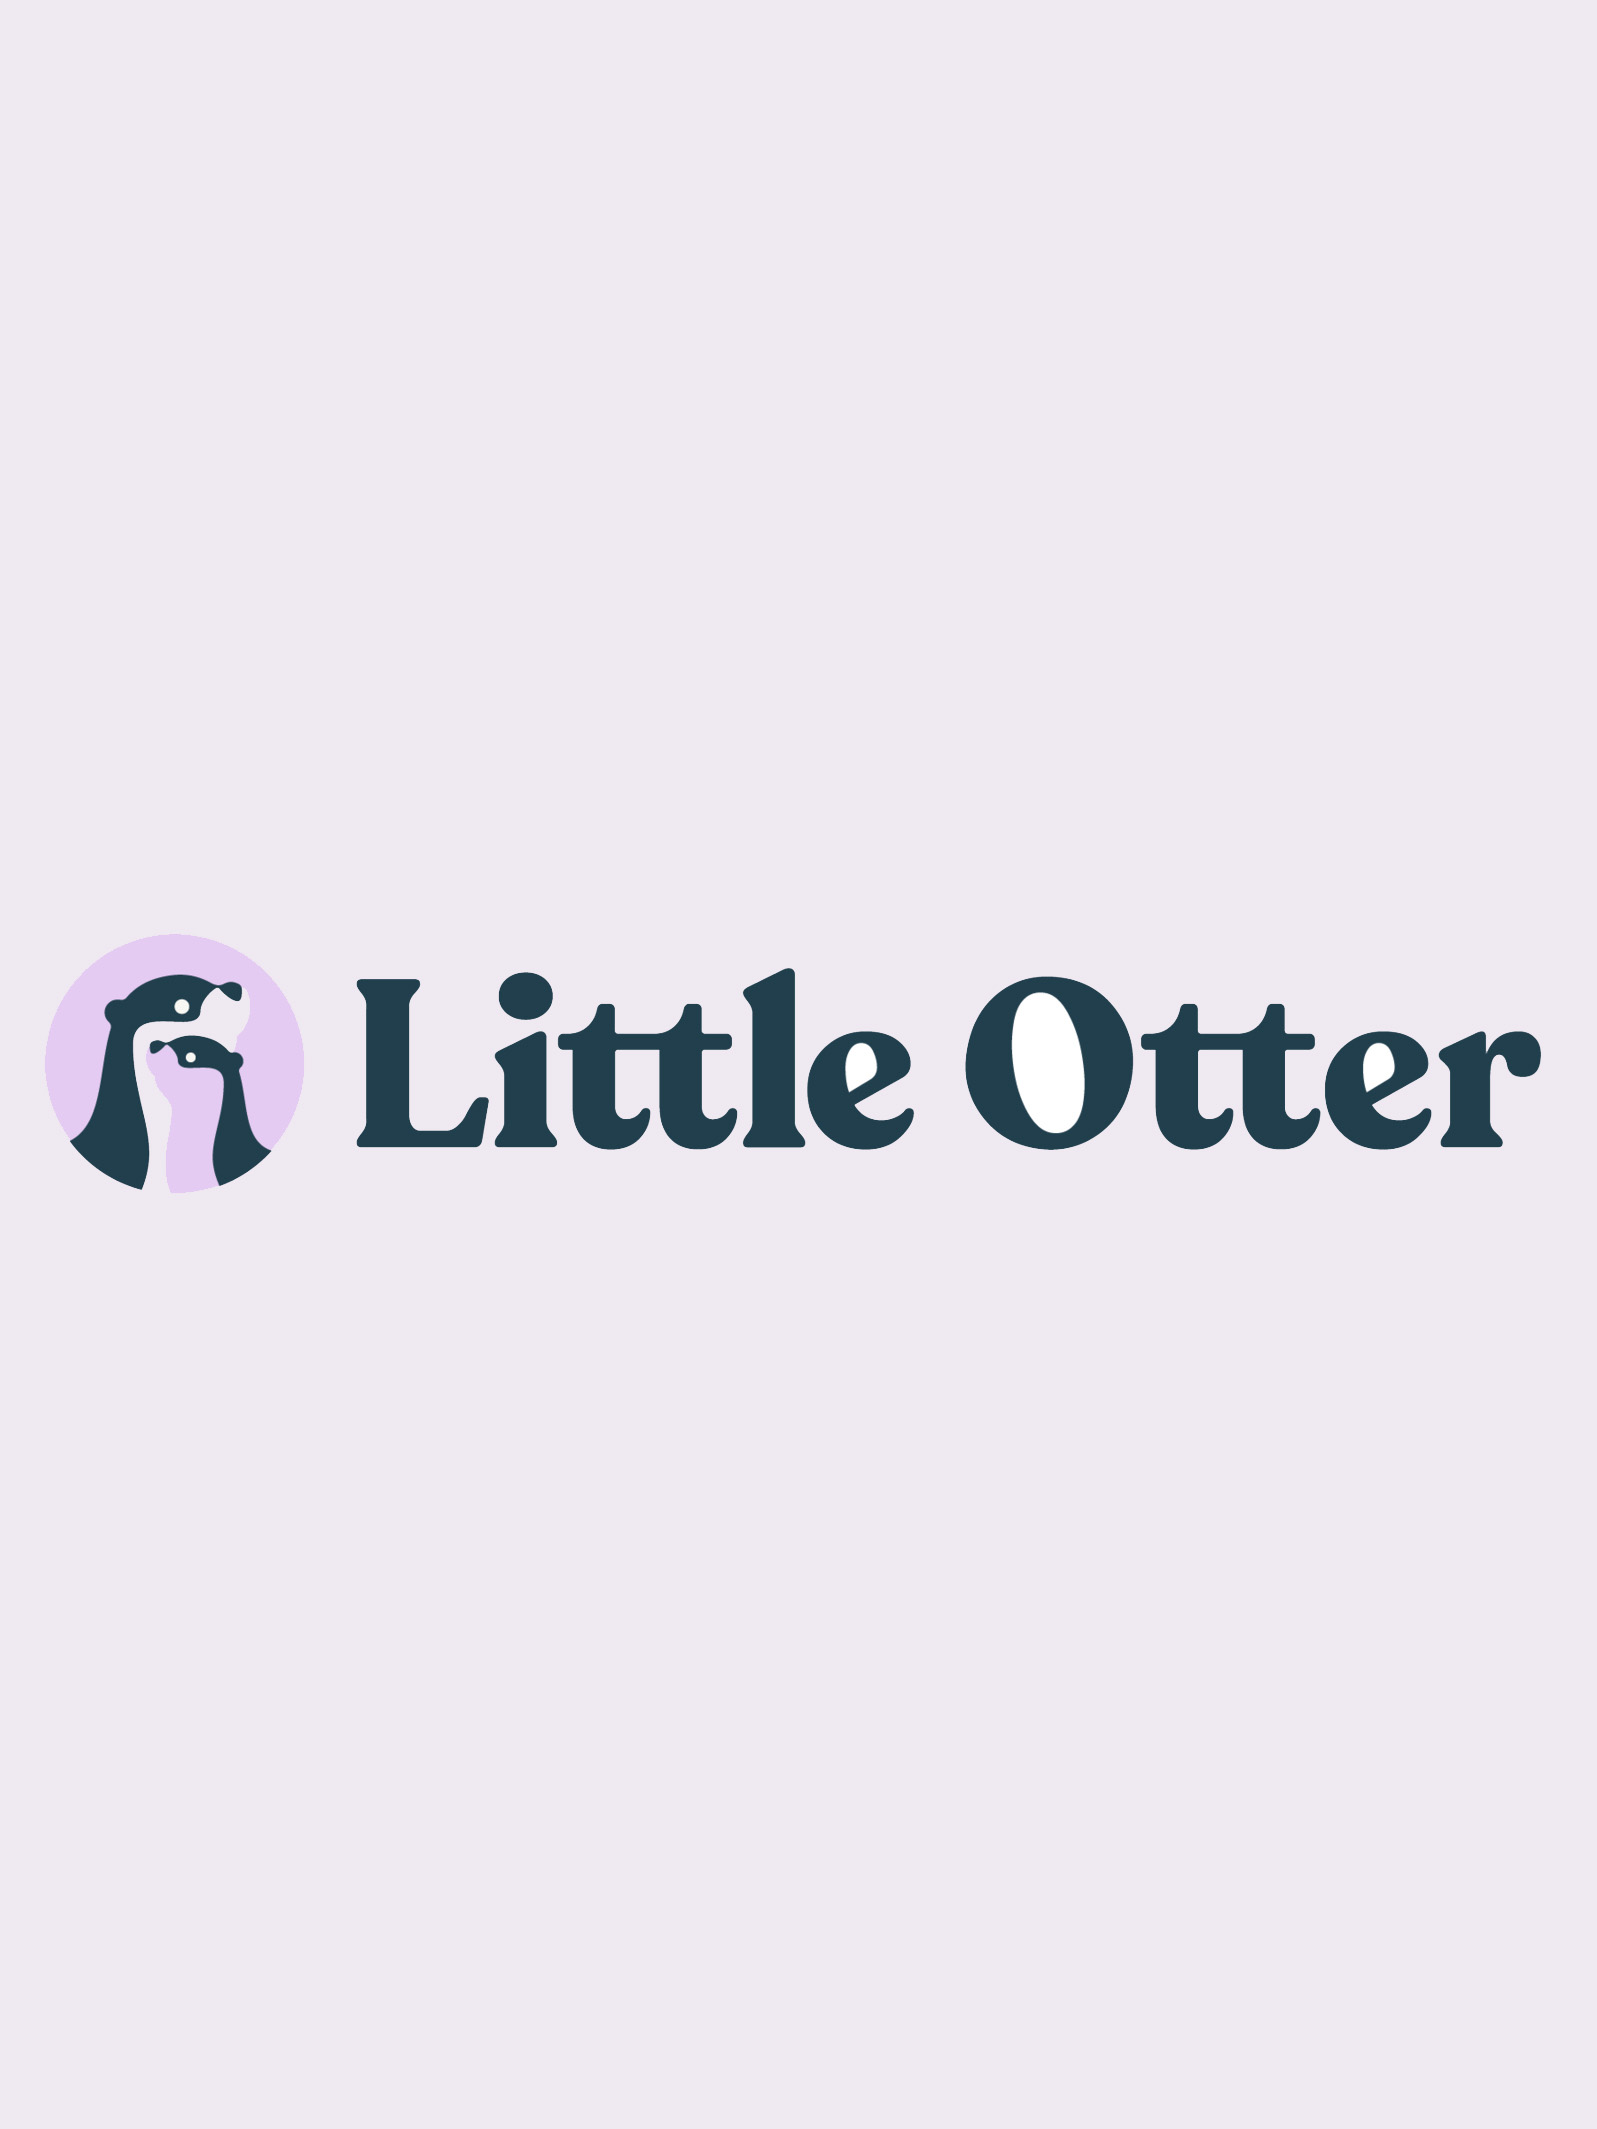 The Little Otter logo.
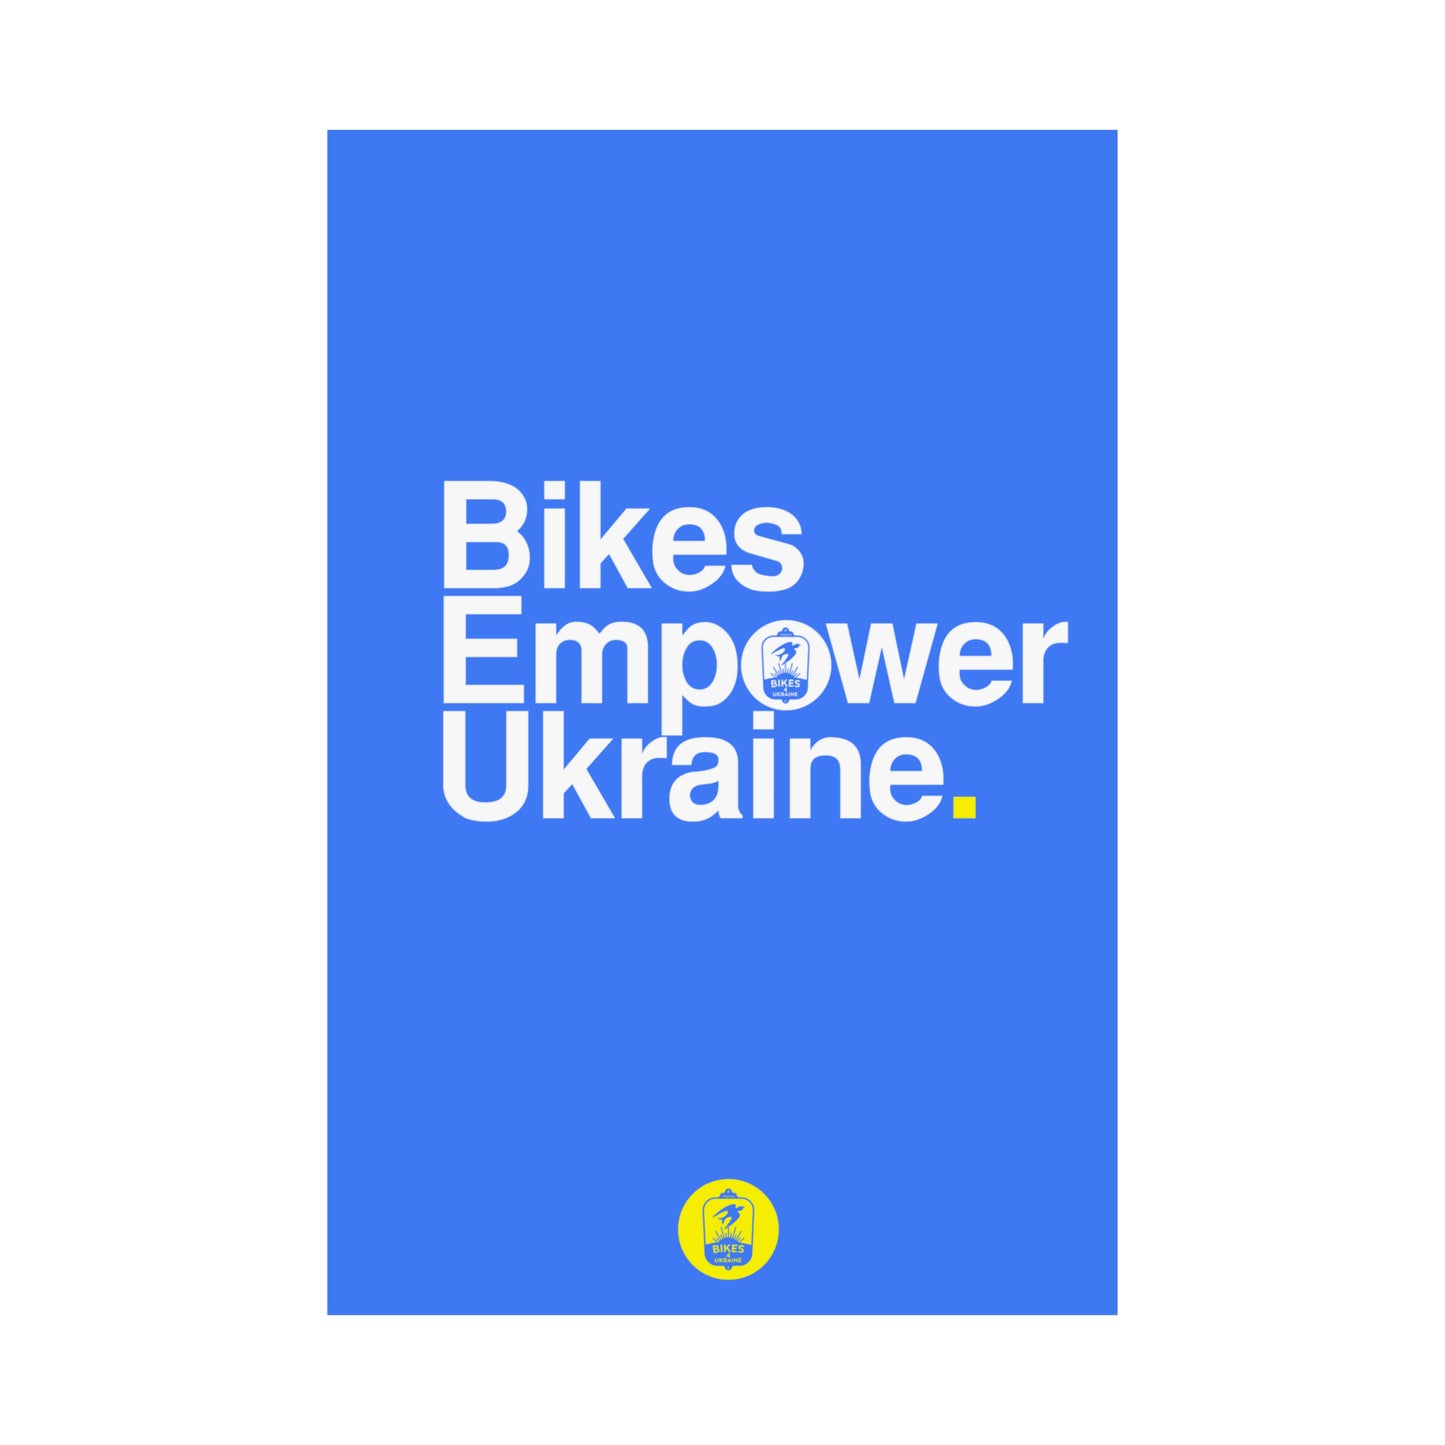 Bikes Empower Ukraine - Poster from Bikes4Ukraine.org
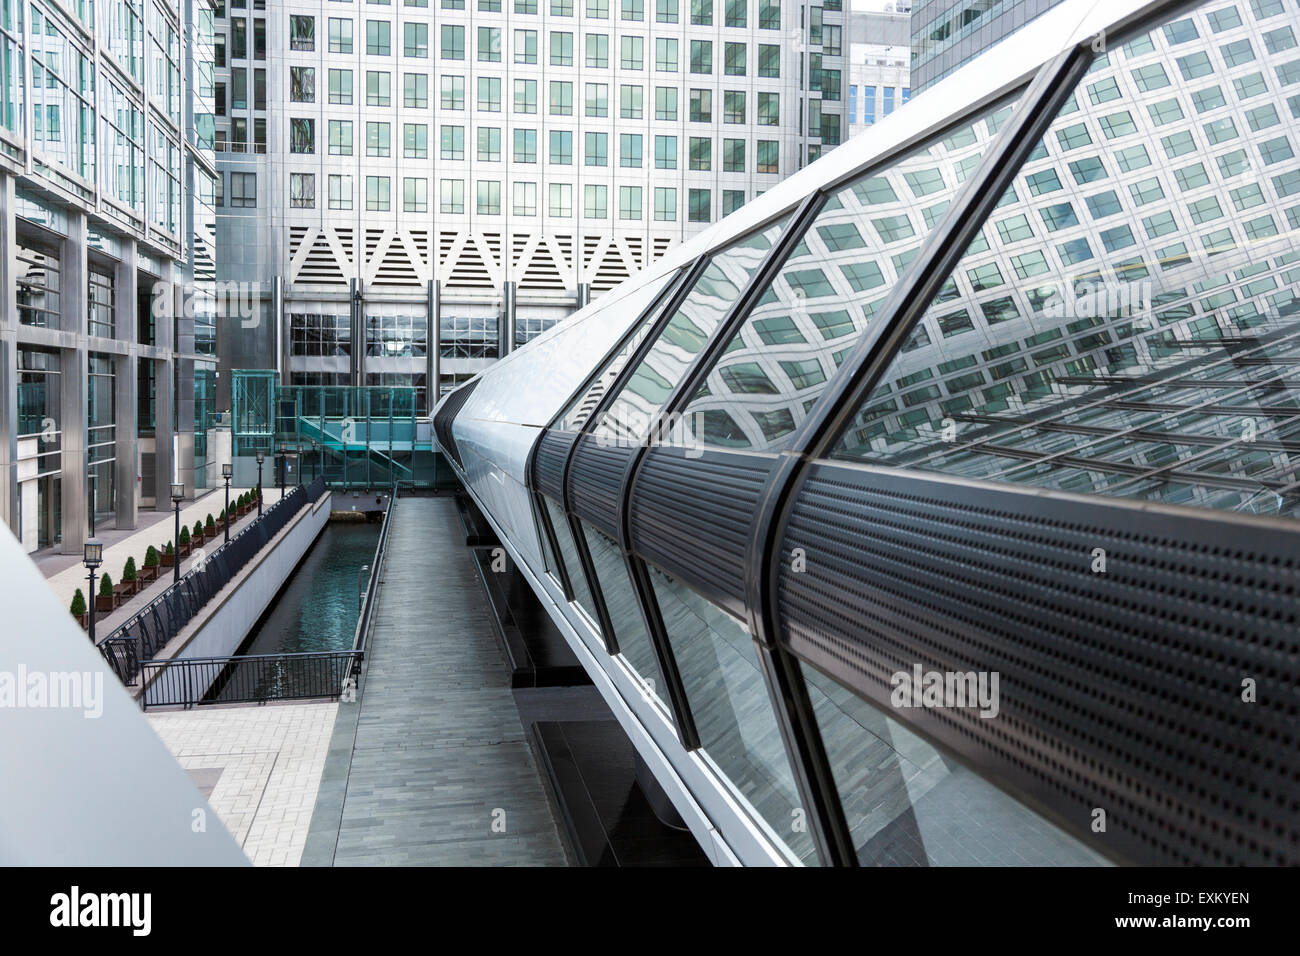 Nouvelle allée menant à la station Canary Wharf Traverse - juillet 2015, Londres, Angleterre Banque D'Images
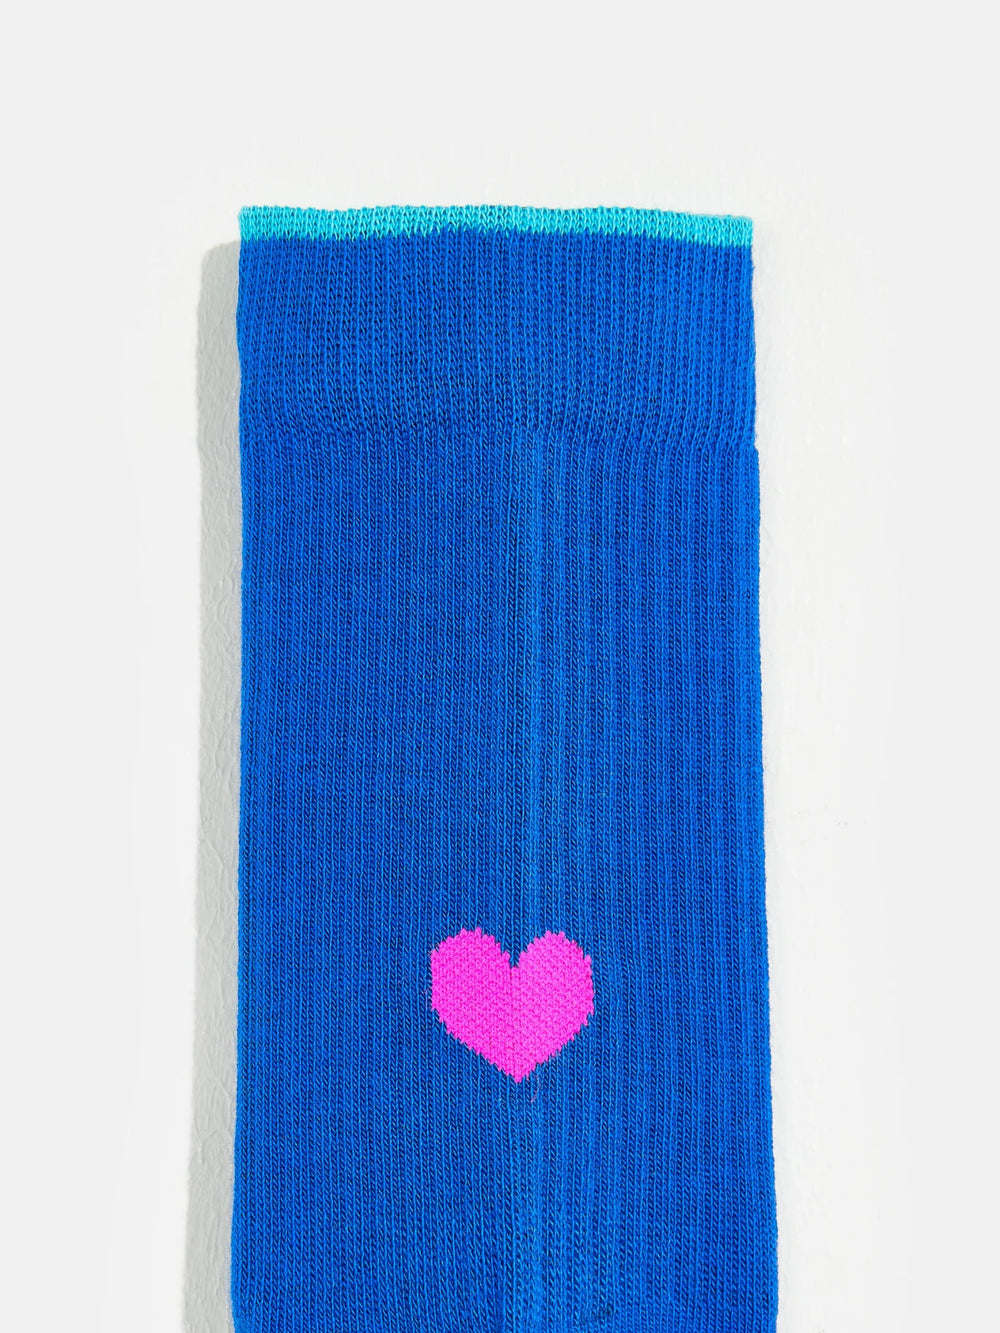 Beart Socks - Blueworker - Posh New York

PROBLEM DESCRIPTION :: An exact copy of all the data above is required; omit any pictures.

ANSWER SPACE ::
 The Little Otter logo.
 Bikes Empower Ukraine - Poster from Bikes4Ukraine.org
 Nouvelle allée menant à la station Canary Wharf Traverse - juillet 2015, Londres, Angleterre Banque D'Images
 Beart Socks - Blueworker - Posh New York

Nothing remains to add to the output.